The choice of e-value was set high to reduce false positives. As discussed in the introduction, the choice of an optimal e-value suitable for multiple families is difficult, as the level of homology within different families varies significantly. The homolog assignments took the best hit with a score below e-30. Varying the thresholds used for BAIT1 between e-30, e-50, e-80, and e-100 gave 698, 603, 501, and 450 hits, respectively. Similarly, varying the thresholds for BAIT2 resulted in 1042, 923, 786, and 700 hits, respectively. The e-values for every hit are provided in the Supplementary data so that researchers can apply a more stringent cutoff if desired.
The impact or e-value cutoff is more significant when considering paralogs. Large highly conserved families such as the zinc finger proteins and protein kinases are overrepresented in the paralogs table. As an example, 192 hits from BAIT2 are from ZF35_MOUSE (zinc finger protein 35), and the next most frequent is 37 hits to FER_HUMAN (protooncogene tyrosine-protein kinase FER). Similarly from BAIT1, 129 hits are from another zinc finger protein, Q9NZH2. If we limit the number of hits to the best hits up to a maximum of five, the numbers for the BAIT2 search drop from 2518 to 1851 and the BAIT1 search from 2117 to 1441.
Another source of overestimation is from bait sequences annotated as “similar to cell cycle-related gene X”. Similarly, sequences within GO with sequence homology-based evidence may be assigned a cell-cycle role. Thus we end up with a (similar to [similar to cell cycle-related gene X])-type association, where the bait has no direct evidence of a cell-cycle role.

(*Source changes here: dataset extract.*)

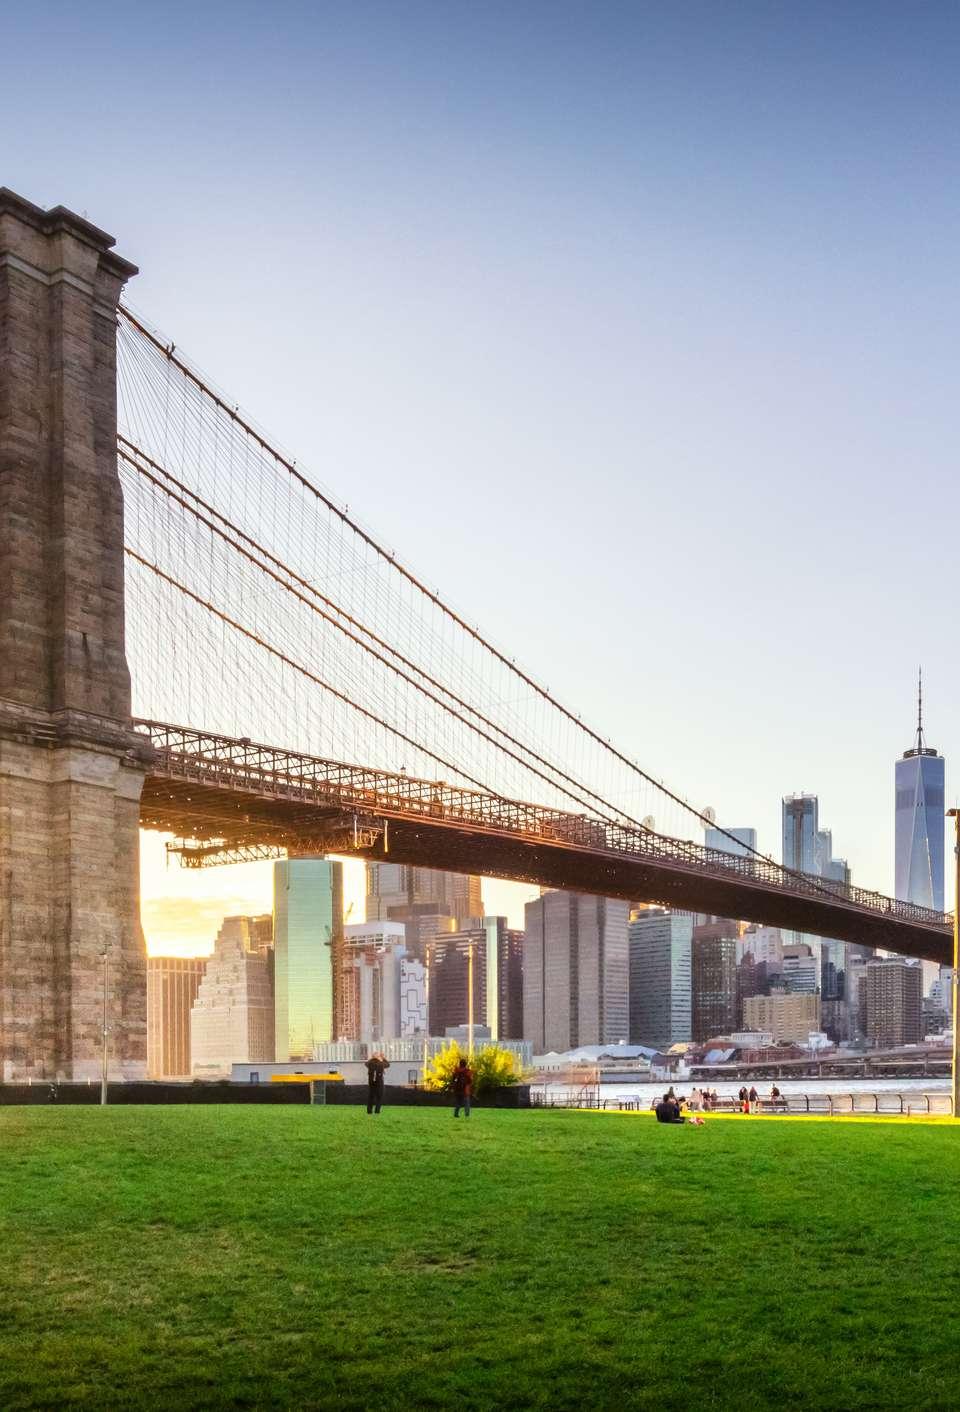 Brooklyn Bridge and Manhattan at sunset.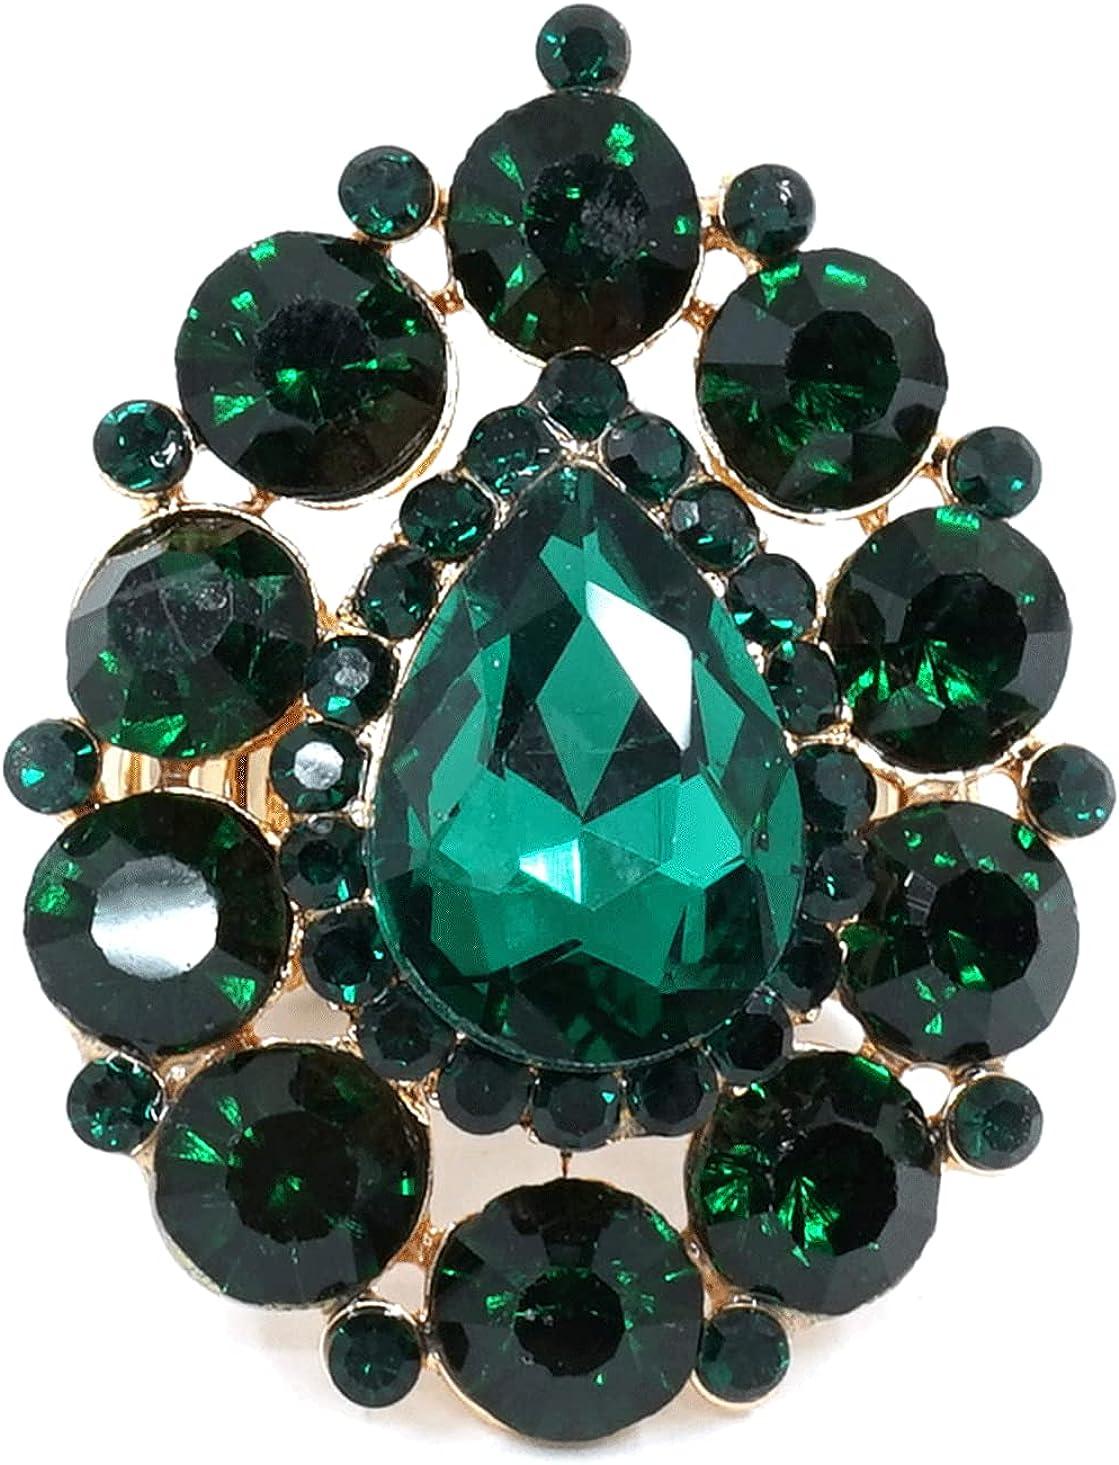 Teri's Boutique Teardrop Sparkle Round Crystal Rhinestone Elegance Beautiful Women Fashion Party Stretch Rings

Comparison to Functional Screens
In a recent microarray-based screen of the human cell line HeLa, 874 genes were identified as cell cycle-regulated (Whitfield et al. 2002). Similarly, in two independent microarray-based screens of budding yeast, 416 and 800 open reading frames (ORFs) of the 6220 monitored transcripts were identified as cell cycle-regulated (Cho et al. 1998; Spellman et al. 1998). As noted by those authors, their work identifies only genes that are regulated at the level of transcription.
The Munich information center for protein sequences (MIPS; Mewes et al. 2002) holds a database of ORF information for S. cerevisiae. A simplified gene ontology within MIPS, the `functional catalog' (http://mips.gsf.de/proj/yeast/catalogues/) identifies 3936 ORFs with some assigned function, and 451 of these are identified as cell cycle-related. Also within MIPS, the yeast `phenotype catalog' identifies 1469 ORFs associated with mutant phenotypes, 274 of which are cell cycle-related.
Comparing these estimates of the complement of cell-cycle genes within human and yeast, we see an estimated 3% of human genes and 6.7%–18.7% of yeast genes. The lower estimates are based solely upon microarray data and only identify those genes that are transcriptionally regulated with the cell cycle. The highest estimate of 18.7% is based on the observed yeast mutant phenotype. In the present study, we identified 1415 sequences as likely cell-cycle proteins; this represents 7.5% of the 18,768 protein coding genes identified in mouse (Okazaki et al. 2002).
Mouse Cell-Cycle Genes
Within the best hits there were 512 sequences where the best supporting evidence was from mouse. These included well known cell-cycle genes such as cyclin-dependent kinases (CDK), CDK inhibitors and interactors, cyclins MADs (mitotic arrest-deficient) and BUBs (budding uninhibited by benzimidazoles), cell division controllers (cdc), the E2F transcription factors, histone deacetylases (HDACs), mini-chromosome maintenance (MCMs), calmodulins, septins, RADs, cullins, kinesins, lamins, and a significant number of phosphoregulators such as the mitogen-activated protein kinases (MAPKs), NEKs, Polo-like kinases, CHKs and cdc25 phosphatases, as well as representatives from many other protein families.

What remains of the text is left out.